Repsol applies to export LNG from Canaport

The Spanish petroleum company Repsol has applied to export liquefied natural gas from its Canaport LNG facility in Saint John, but officials say no decision has been made about whether to convert the plant.

Spanish company undecided on whether to proceed with multi-billion dollar plant conversion

The Spanish petroleum company Repsol formally applied this week to the National Energy Board for approval to export liquefied natural gas from its Canaport LNG facility in Saint John.

However, the company says that does not mean a decision has been made to proceed with a multi-billion dollar conversion of the plant.

The Canaport LNG terminal, located on Saint John's east side, is owned by Repsol and Irving Oil Ltd. (CBC)
"It's a necessary step to make this a feasible project on paper," said Repsol spokesman Kristain Rix from Madrid. "It's one more tiny incremental step.
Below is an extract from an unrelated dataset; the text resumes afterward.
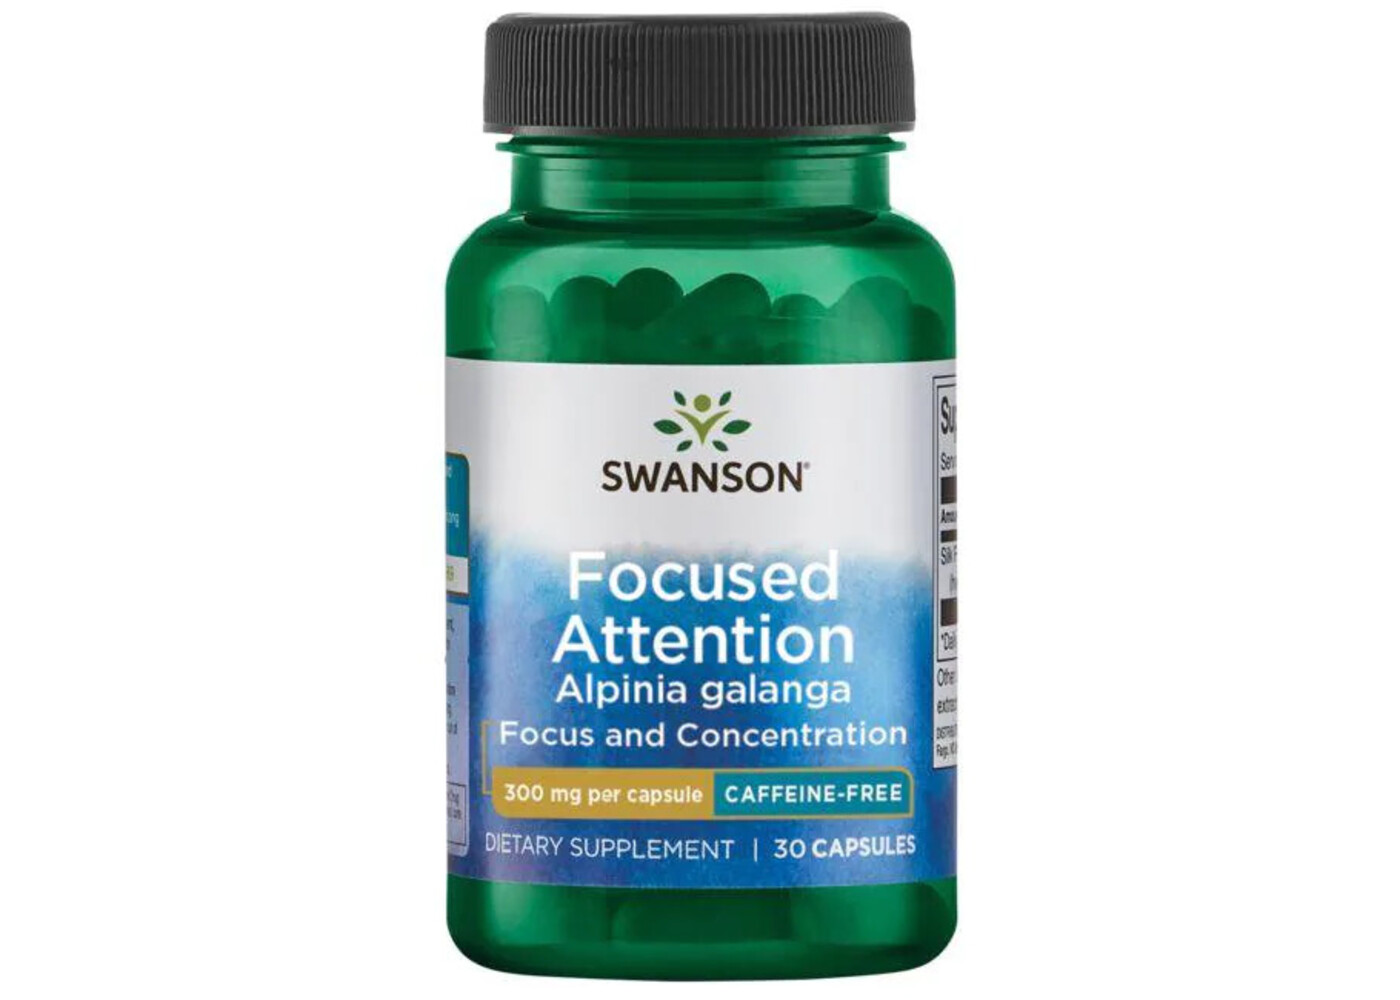 Swanson Focused Attention Alpinia Galanga - Caffeine-Free, 300 mg 30 Caps

We still need to do a lot more work."

Canaport LNG was built nearly a decade ago with the purpose of importing LNG, regassifying it and sending it into the United States by pipeline.

But enormous shale gas developments in the U.S. have undercut the need for imports and Repsol has been studying whether to convert Canaport into an export facility instead of one used for import purposes. Published estimates have put the cost of that conversion as high as $4 billion. 

The key issue for Repsol is to find partners to share the cost, but Rix says the idea of converting Canaport to bring in cheap gas by pipeline from the U.S., liquefy it on site and export LNG to Europe is attractive for many reasons.

"It is in a privileged location," said Rix. "It has the largest storage capacity on the east coast of the whole of North America. It is connected with pipelines. It can berth the largest LNG tankers in the world, so the facilities are great."